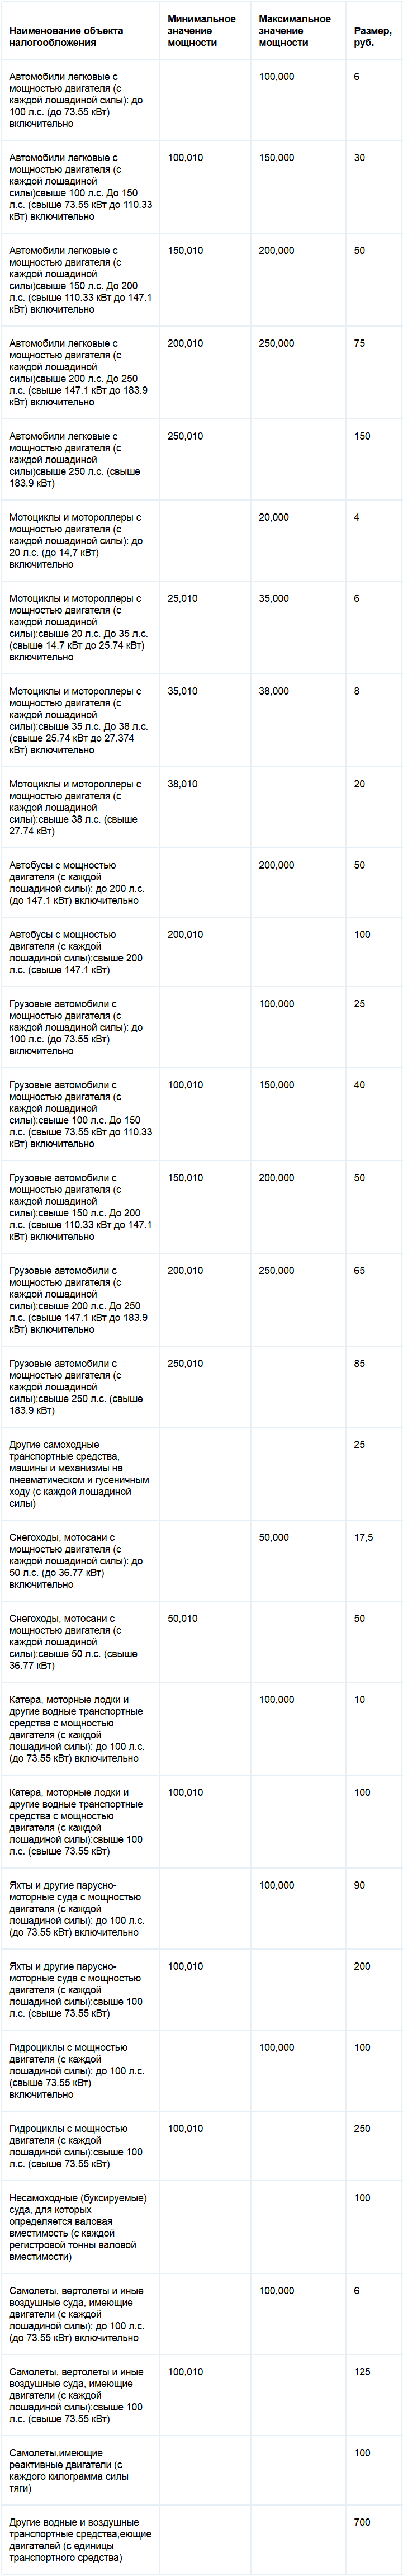 Ставки транспортного налога республики Карелия
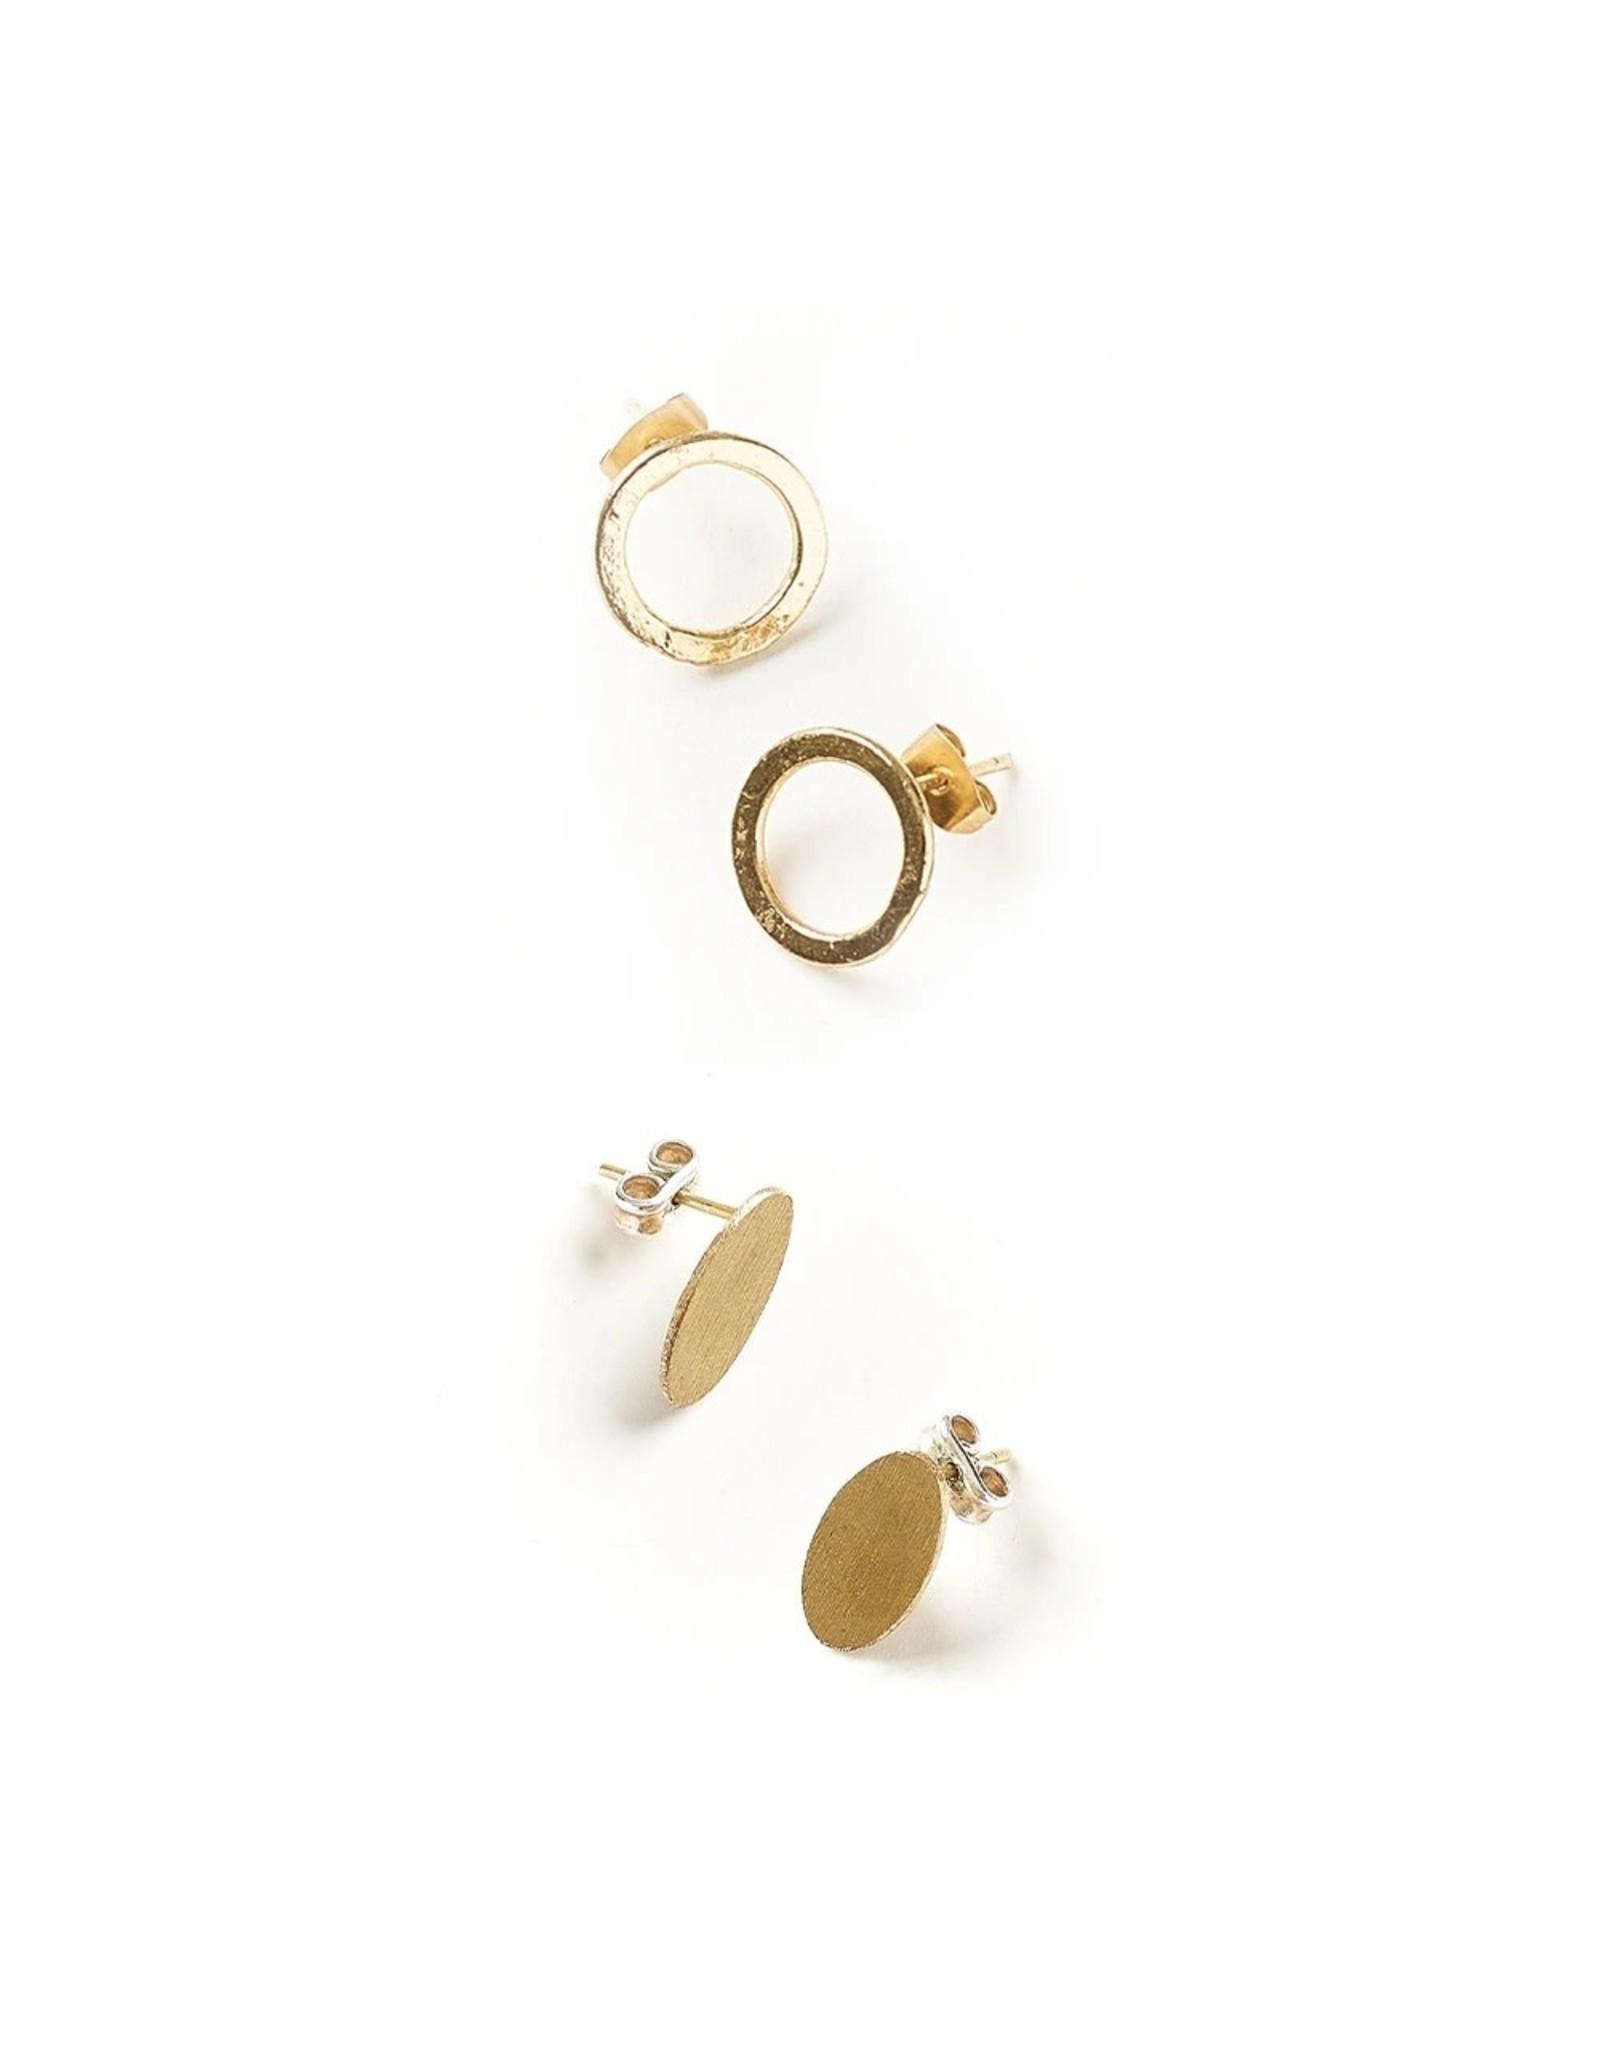 Matr Boomie Diya Earrings- Circle & Oval set, India
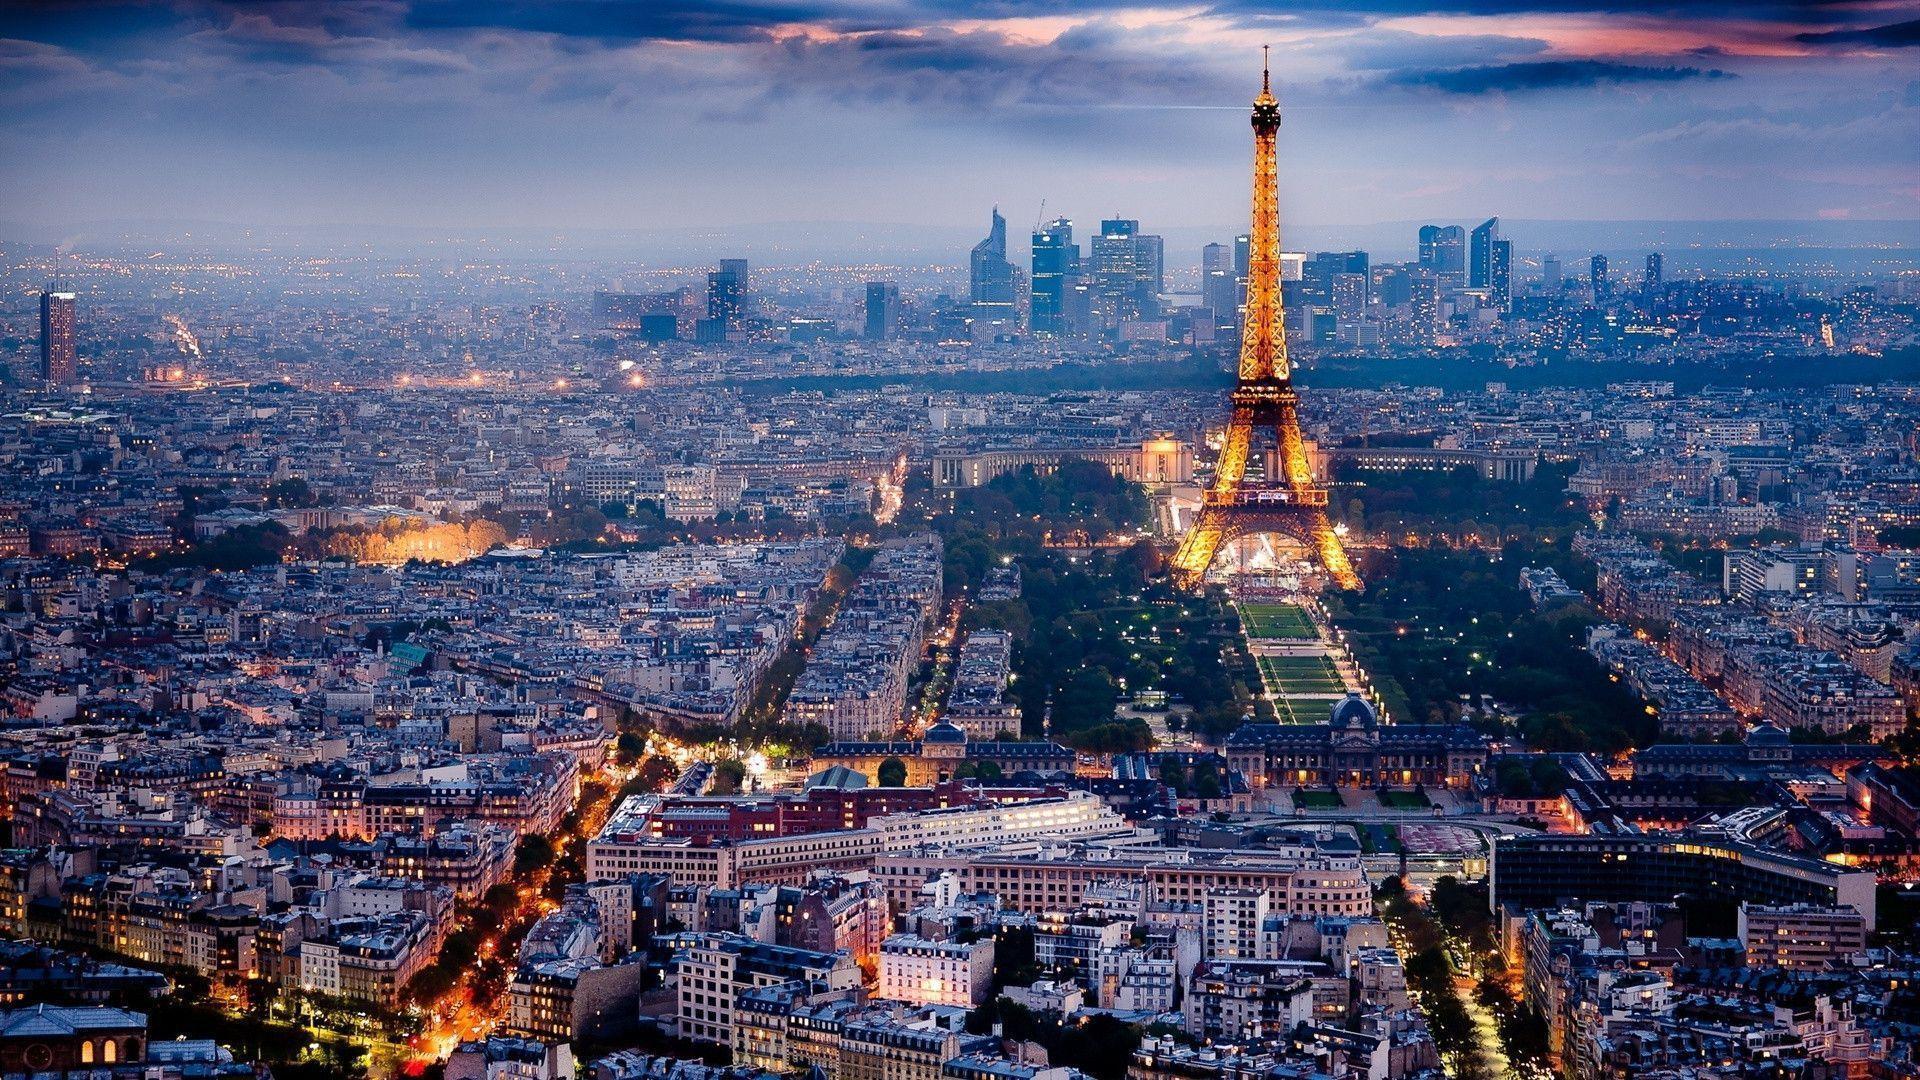 Desktop HD wallpaper: Paris Night Desktop Wallpapers

Your assignment: Print the listing exactly. No pictures belong in the copy.

Task output:
 Ставки транспортного налога республики Карелия
 Matr Boomie Diya Earrings- Circle & Oval set, India
 Desktop HD wallpaper: Paris Night Desktop Wallpapers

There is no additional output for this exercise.